Marketing on the World Wide Web (the Web) is a significant business. Users often purchase products through a company's Website. Further, advertising revenue can be generated in the form of payments to the host or owner of a Website when a user selects an advertisement that appears on the Website. The amount of revenue earned through Website advertising and product sales may depend on the Website's ability to provide marketing material or other Web content that is targeted to specific users, based on the user's interests.
Certain exemplary embodiments are described in the following detailed description and in reference to the drawings, in which:
Exemplary embodiments of the present invention provide techniques for generating a segmentation of Web content. As used herein, the term “exemplary” merely denotes an example that may be useful for clarification of the present invention. The examples are not intended to limit the scope, as other techniques may be used while remaining within the scope of the present claims. These techniques can provide methods for characterizing a particular user identification (user ID) in terms of the Web content accessed from that user ID and characterizing a particular Website in terms of the Web content provided. The segmentation results may be used to target Web content to specific user IDs.

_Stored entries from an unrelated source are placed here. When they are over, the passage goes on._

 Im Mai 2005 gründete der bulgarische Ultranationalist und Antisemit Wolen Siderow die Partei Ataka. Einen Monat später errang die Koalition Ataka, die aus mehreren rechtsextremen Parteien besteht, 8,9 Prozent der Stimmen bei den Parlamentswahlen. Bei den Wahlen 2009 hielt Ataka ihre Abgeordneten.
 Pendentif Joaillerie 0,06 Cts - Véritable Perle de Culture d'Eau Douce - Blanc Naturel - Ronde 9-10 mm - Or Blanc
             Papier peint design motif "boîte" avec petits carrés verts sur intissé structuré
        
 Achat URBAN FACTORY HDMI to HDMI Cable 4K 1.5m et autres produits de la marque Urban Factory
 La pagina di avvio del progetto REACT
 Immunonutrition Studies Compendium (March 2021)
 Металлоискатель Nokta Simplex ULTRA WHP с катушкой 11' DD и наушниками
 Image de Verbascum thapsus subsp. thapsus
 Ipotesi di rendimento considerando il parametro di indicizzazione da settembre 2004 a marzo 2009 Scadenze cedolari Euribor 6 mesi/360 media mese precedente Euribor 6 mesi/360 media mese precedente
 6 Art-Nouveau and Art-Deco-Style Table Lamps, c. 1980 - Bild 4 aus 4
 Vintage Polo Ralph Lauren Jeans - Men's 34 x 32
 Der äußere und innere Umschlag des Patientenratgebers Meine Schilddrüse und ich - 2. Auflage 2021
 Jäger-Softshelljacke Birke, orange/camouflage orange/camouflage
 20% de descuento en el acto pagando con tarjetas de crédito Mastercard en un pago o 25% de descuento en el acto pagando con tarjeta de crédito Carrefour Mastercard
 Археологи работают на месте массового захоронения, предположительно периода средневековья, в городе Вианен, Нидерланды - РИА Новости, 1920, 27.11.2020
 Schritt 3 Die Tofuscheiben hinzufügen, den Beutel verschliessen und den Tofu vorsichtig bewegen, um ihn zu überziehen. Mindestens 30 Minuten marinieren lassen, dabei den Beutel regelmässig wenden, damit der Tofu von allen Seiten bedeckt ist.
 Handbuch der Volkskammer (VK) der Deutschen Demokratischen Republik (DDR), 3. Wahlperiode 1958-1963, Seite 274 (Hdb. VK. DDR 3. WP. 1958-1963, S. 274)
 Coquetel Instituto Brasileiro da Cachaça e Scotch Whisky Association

In exemplary embodiments of the present invention, a segmentation of user IDs and Web content is generated and used to identify user IDs that have similar interests. The segmentation information may be useful for providing targeted Web content to a user ID. For example, a user of a user ID that regularly accesses a business page on a first Website may be interested in a similar business page on a second Website, even though the user may never have accessed the page on the second Website. If numerous other user IDs that have been used to access both Websites, the user IDs may placed in a segment with the similar business pages on both the first and the second Websites. The segment information may then be used to provide a suggestion to the user to access the business page on the second Website. In other exemplary embodiments, the segment information may be used to provide specific advertising to a certain user ID.
The segments may be generated by statistically processing a database of Web activity (such as clickstream data), for example, by information-theoretic co-clustering or other machine learning techniques based on statistical or stochastic processes. As used herein, a “database” is an integrated collection of logically related data that consolidates information previously stored in separate locations into a common pool of records that provide data for an application.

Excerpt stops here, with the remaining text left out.